We got to talking about the B.B.C.C.
“I guess the country club scene really wasn’t for him,” I said, “since he didn’t play golf or tennis, and I can’t imagine him sitting around playing dominoes, drinking beer and bourbon.”
“Oh, no,” Charlie corrected me, “he wanted to join. He applied at the Highgate and others, but didn’t get anywhere.”
Charlie paused. “We’re Jewish.”
“I had no idea,” I fumbled.
“Yeah, my dad tried to find a sponsor but I guess they all knew it was futile. So they didn’t try.”
“They? You mean his neighbors?”
“Yes.”
Charlie asked me about my life, I asked about his. We exchanged broad outlines.

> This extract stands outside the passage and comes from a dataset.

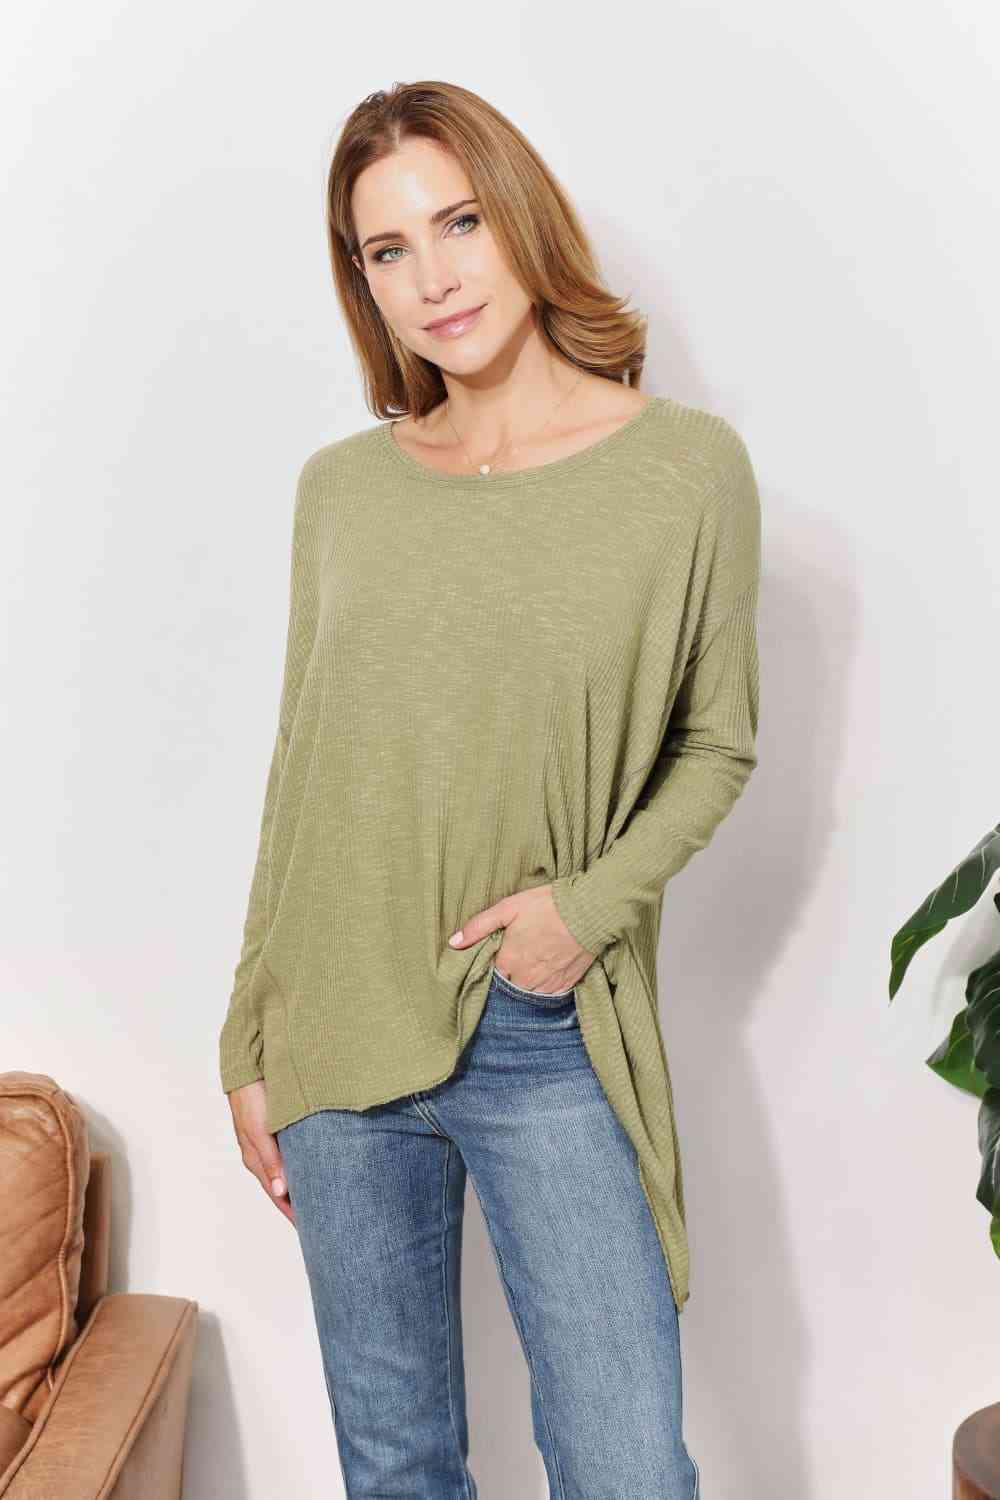 Light Gray HEYSON Full Size Oversized Super Soft Rib Layering Top with a Sharkbite Hem and Round Neck Sentient Beauty Fashions Apparel & Accessories

I couldn’t shake what he’d just told me, and was still thinking about it when I rejoined Carolyn and my mother. My sisters soon appeared. They, too, had found Charlie and got patches.
As we got in the car, I laid my patch on the console between my mother and me, understanding, for the first time, the truth about belly buttons.
“Because everyone’s got one,” I said out loud.
“What?” my mother asked.
I pointed to the patch, wondering what more I might say.
“Everyone’s got one,” I said again.
My sisters laughed. Lee said she was happy to get one. Mary said she couldn’t believe there were any patches still in existence. As I drove, they talked about the ceremony and poor Nan Aronson and the size of the crowd and how good Scotty Davies looked. We rode in sunshine down the beautiful avenue through the gorgeous neighborhood to my mother’s house. The place I grew up. My childhood home. Native ground.